> **COLLECTED DATA**
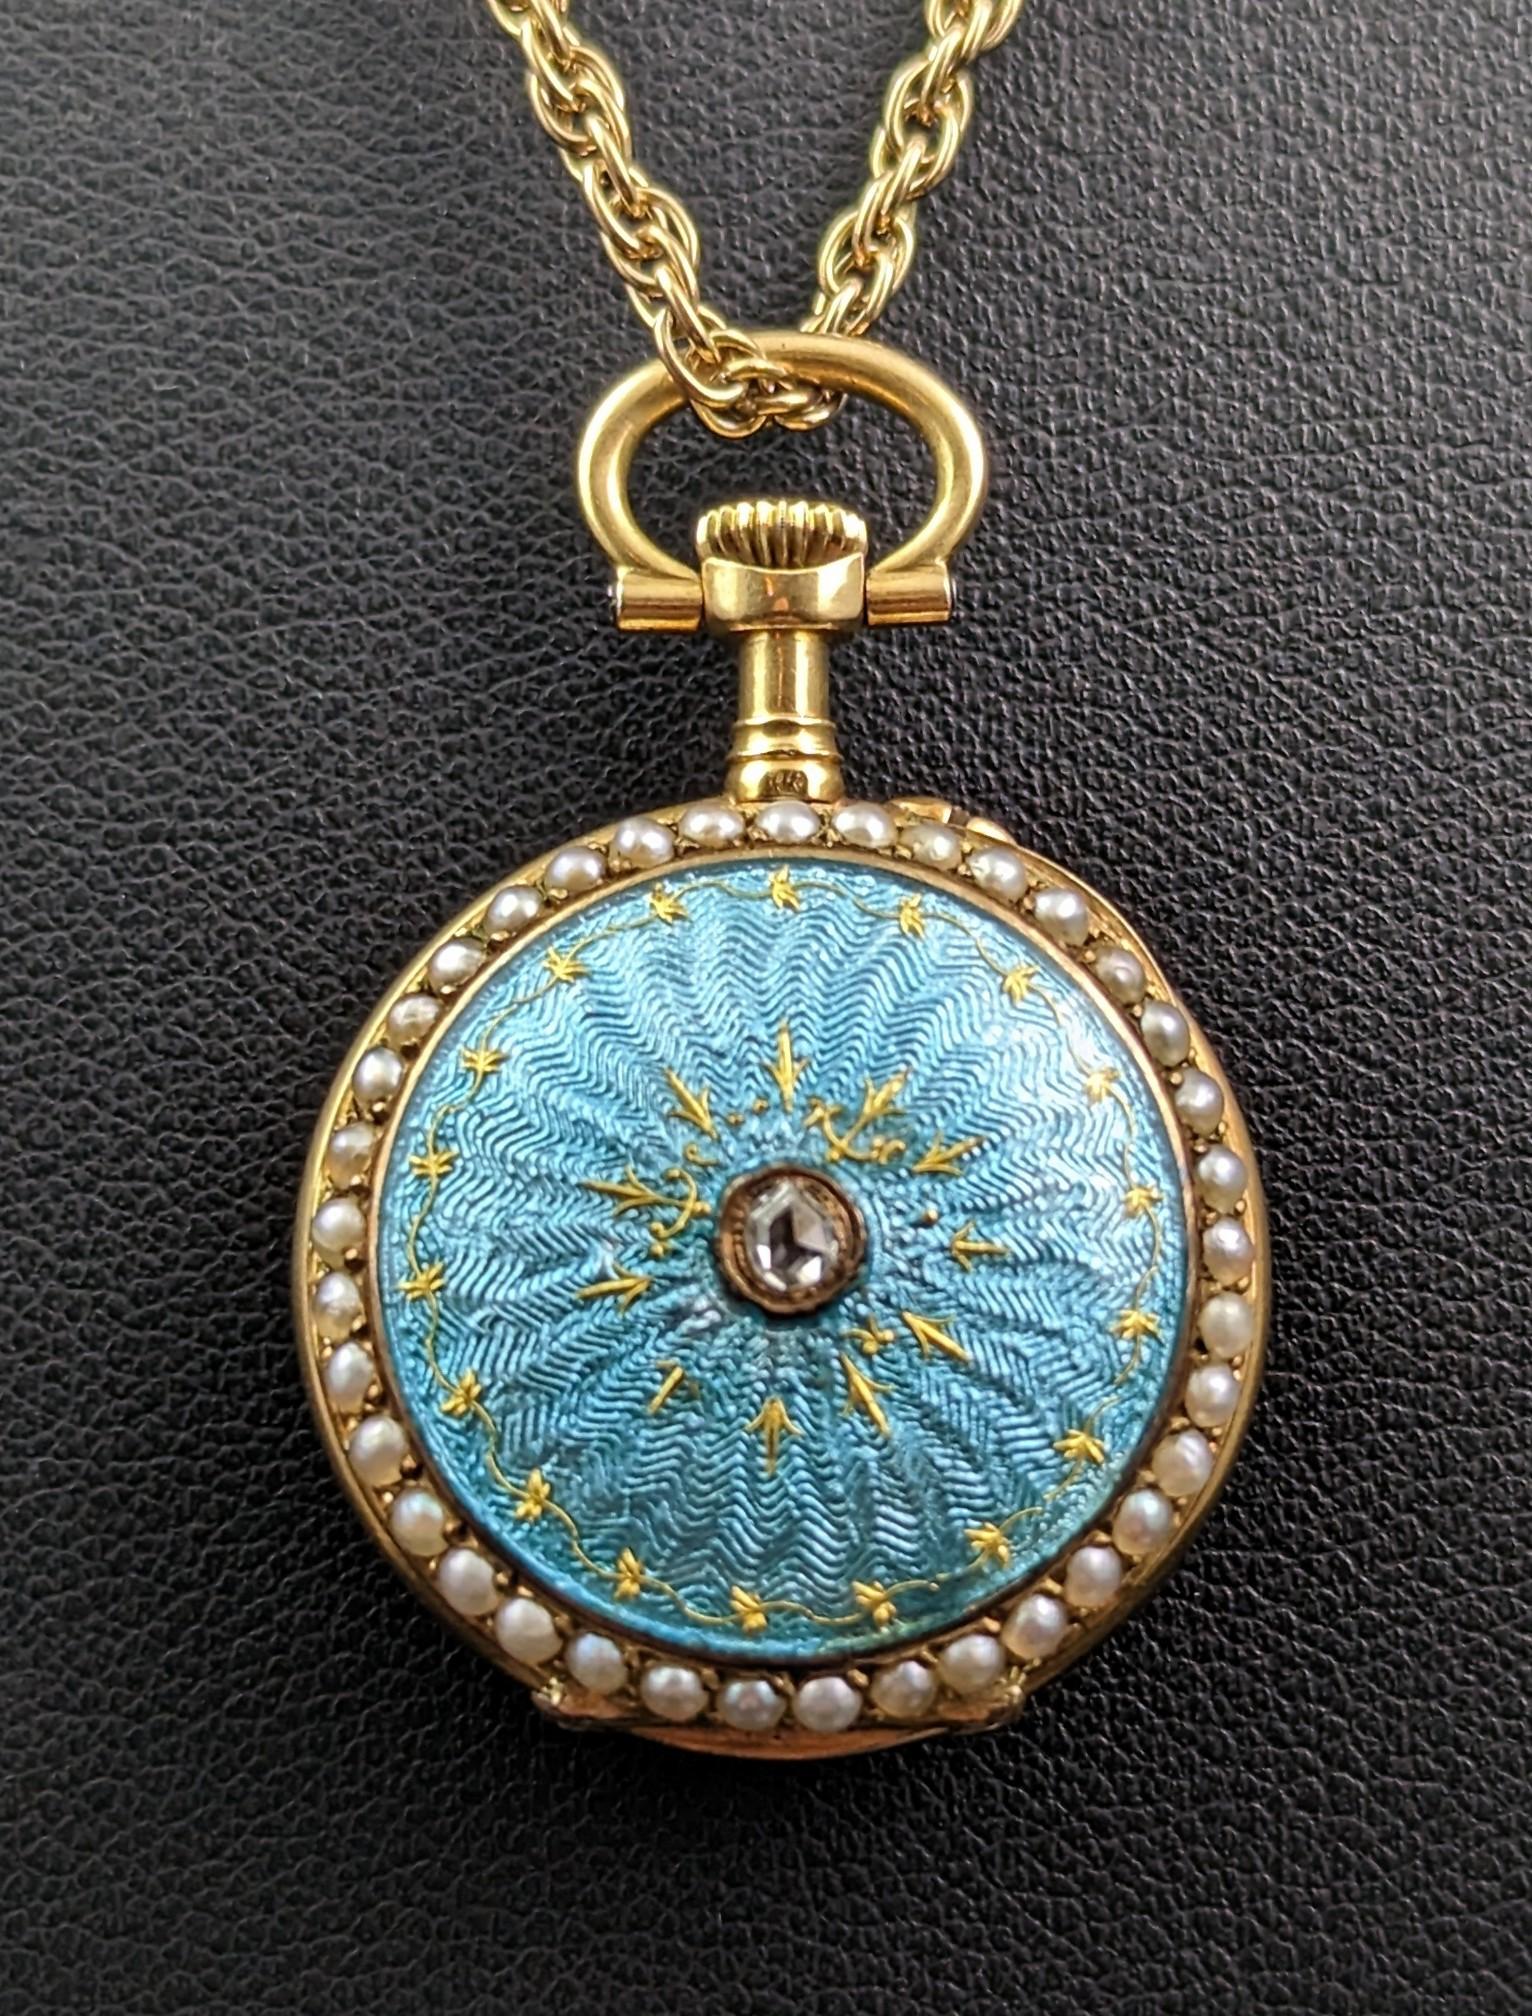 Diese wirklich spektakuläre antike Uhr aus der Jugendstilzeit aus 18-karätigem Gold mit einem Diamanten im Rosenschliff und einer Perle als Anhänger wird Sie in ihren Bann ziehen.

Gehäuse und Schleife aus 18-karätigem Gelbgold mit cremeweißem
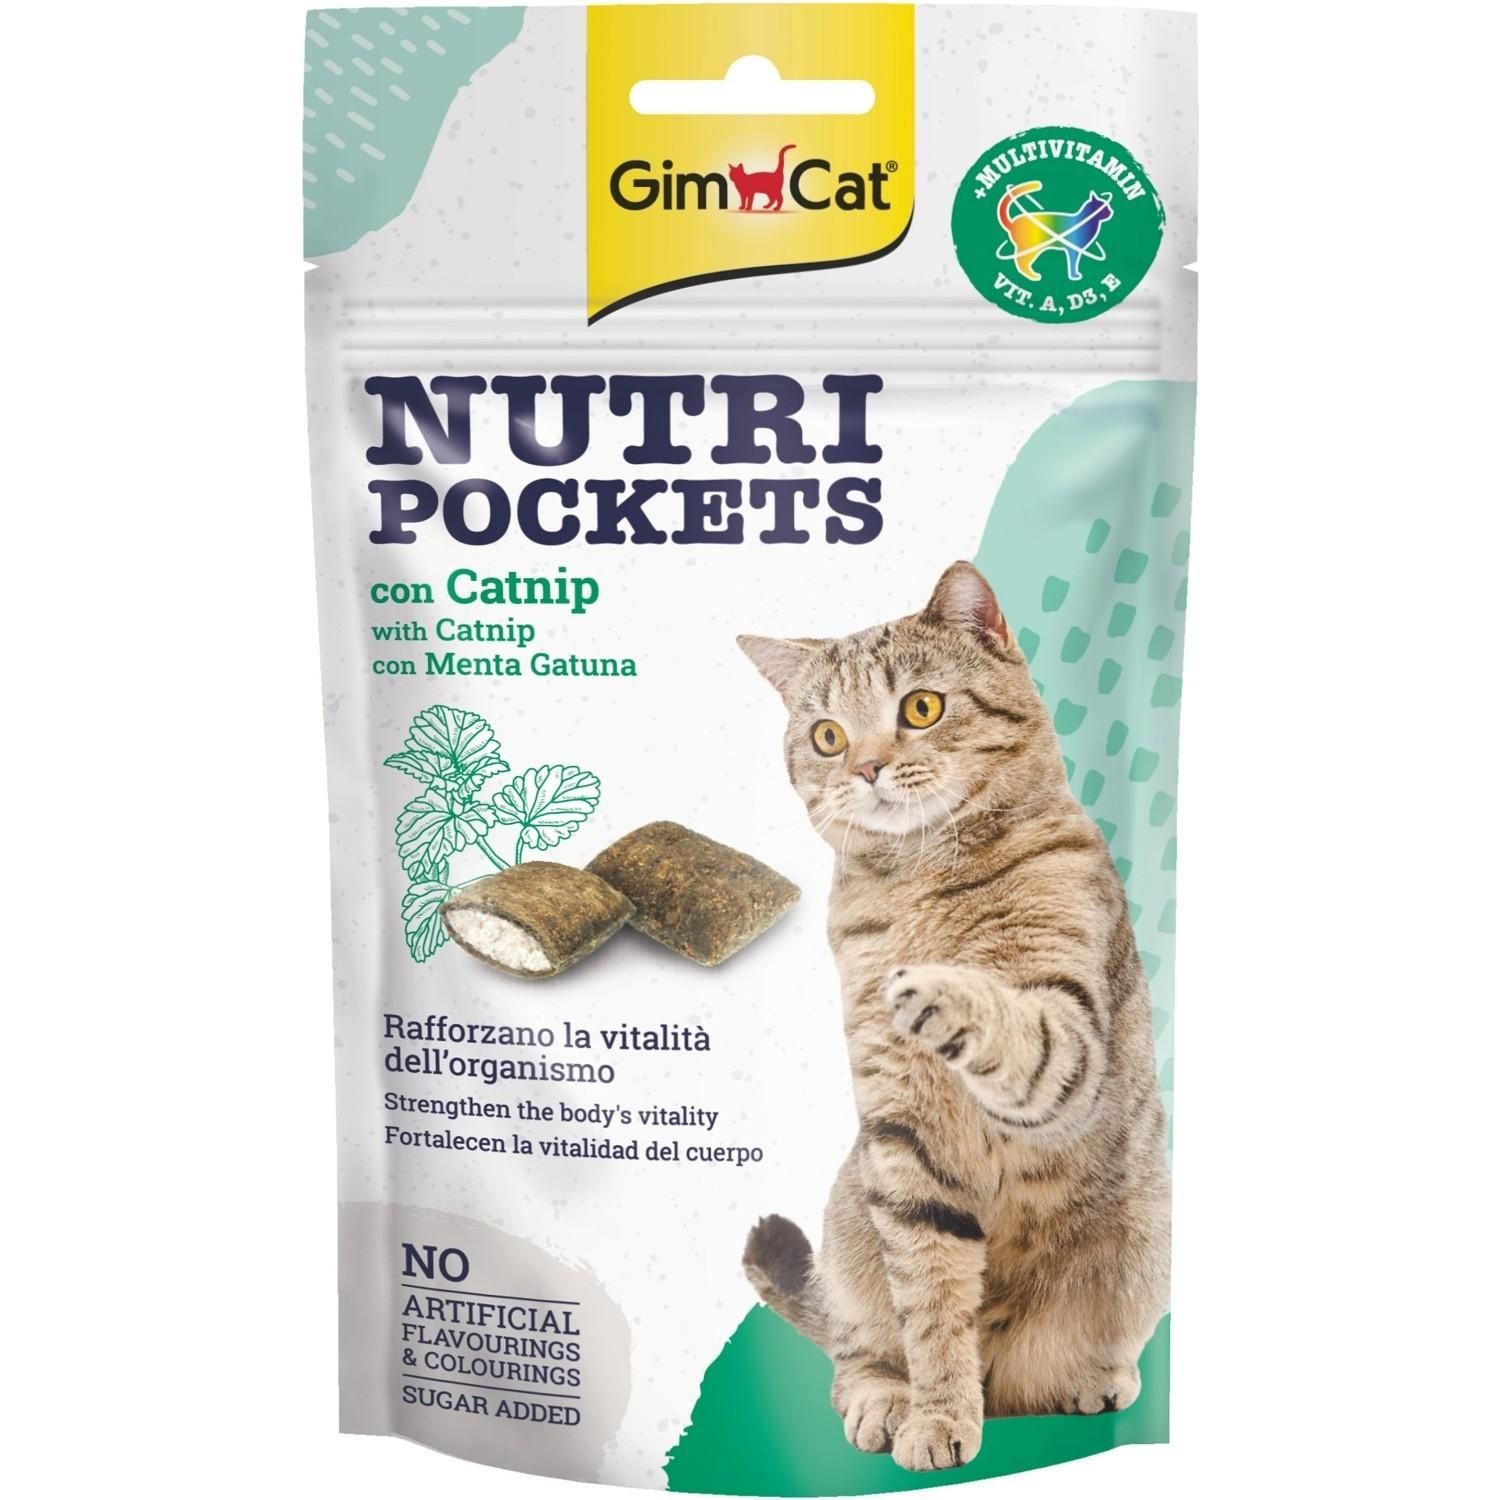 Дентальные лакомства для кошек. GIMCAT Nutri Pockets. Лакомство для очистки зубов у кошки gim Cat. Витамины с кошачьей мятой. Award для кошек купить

> **THE PROBLEM**
Apart from the pictures, every line above must be printed exactly.

> **YOUR SOLUTION**
 Diese wirklich spektakuläre antike Uhr aus der Jugendstilzeit aus 18-karätigem Gold mit einem Diamanten im Rosenschliff und einer Perle als Anhänger wird Sie in ihren Bann ziehen.

Gehäuse und Schleife aus 18-karätigem Gelbgold mit cremeweißem
 Дентальные лакомства для кошек. GIMCAT Nutri Pockets. Лакомство для очистки зубов у кошки gim Cat. Витамины с кошачьей мятой. Award для кошек купить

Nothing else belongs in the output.